Within your study pod discuss the following questions. Please submit an individual assignment by 12:30pm Tuesday, October 18, 2022 on Canvas. 

# Exercise 1. Creating a DataFrame from multiple JSON files

There are nine pages of search results for Oxford from OMDB (as of last year; `omdb_Oxford_search_page_\*.json`). 

**Exercise 1a.** Create a single DataFrame from these 9 files.

**Exercise 1b.** Report on the oldest and most recent entry. 

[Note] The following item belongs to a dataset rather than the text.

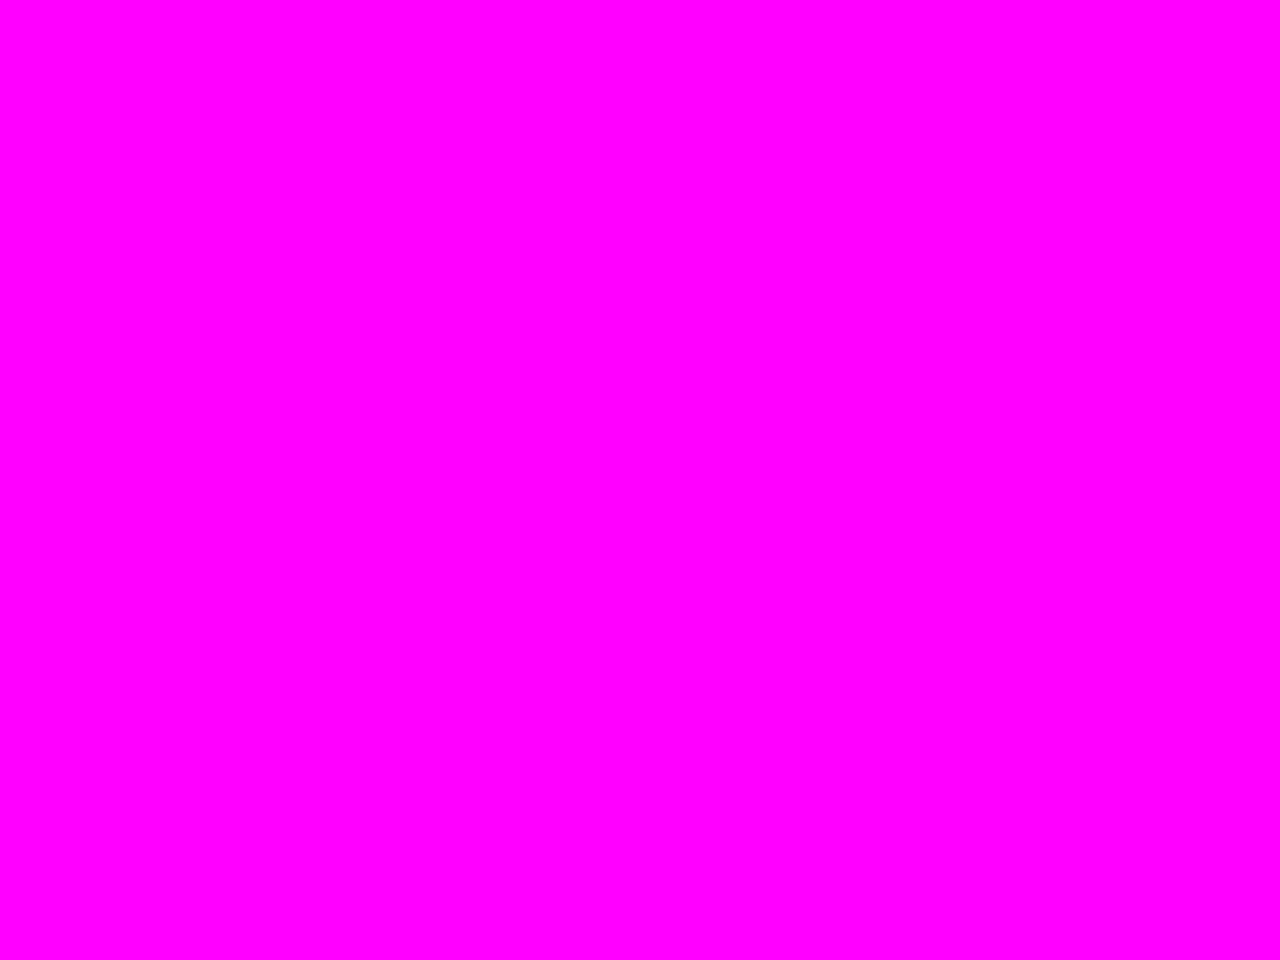 1280x960 Fuchsia Solid Color Background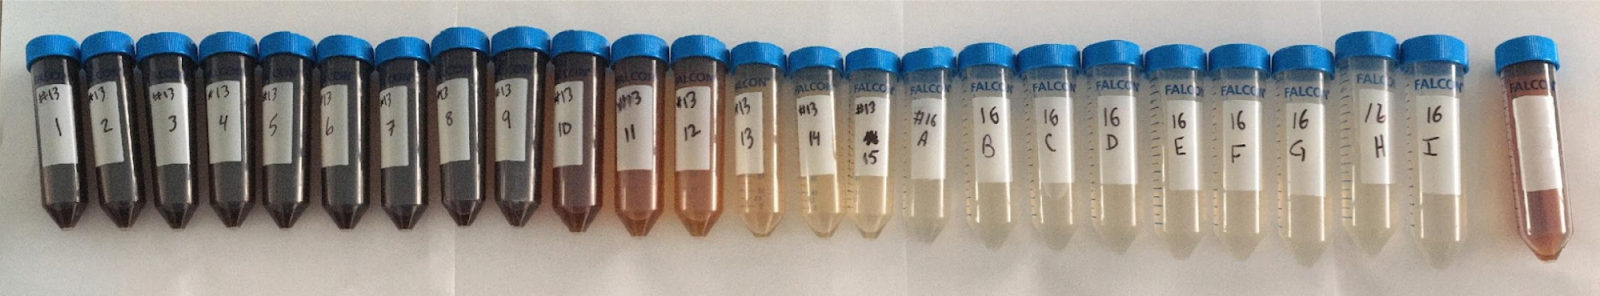 Urine freeze-thaw vials

- **Hint**. To read all files from a Path object with a wildcard use the 'glob' method, such as: `for path in data_dir.blog("omdb_Oxford*.json"): path.do_something()`

- **Challenge** - Note that shows that span years are written with the two years separated by `--`. So ensure that you split this and then consider these years when reporting the oldest and newest entries. 


In [187]:
import pandas as pd
import json
import pathlib as p
import re
import xmltodict
from datetime import datetime as dt

In [188]:
# Exercise 1a answer below here 
json_list = []
for path in p.Path("../data/ch04/").glob('omdb_Oxford*.json'):
    file = open(path)
    json_list = json_list + json.load(file)['Search']
    
omdb_df = pd.DataFrame(json_list)
omdb_df.head(5)
# Exercise 1a answer above here

Unnamed: 0,Title,Year,imdbID,Type,Poster
0,Oxford Circus,1897,tt2323621,movie,
1,Oxford and Cambridge Boat Race,1900,tt2371366,movie,
2,Jesus Is My Rock: A Celebration of Gospel Musi...,2012,tt2404172,movie,
3,Oxford and Cambridge Boat Race 1901,1901,tt2491060,movie,
4,International Field Sports: Oxford-Cambridge v...,1901,tt2549482,movie,


In [189]:
# Exercise 1b answer below here 
oldest_row = omdb_df.sort_values(by=['Year']).head(1)
newest_row = omdb_df.sort_values(by=['Year']).tail(1)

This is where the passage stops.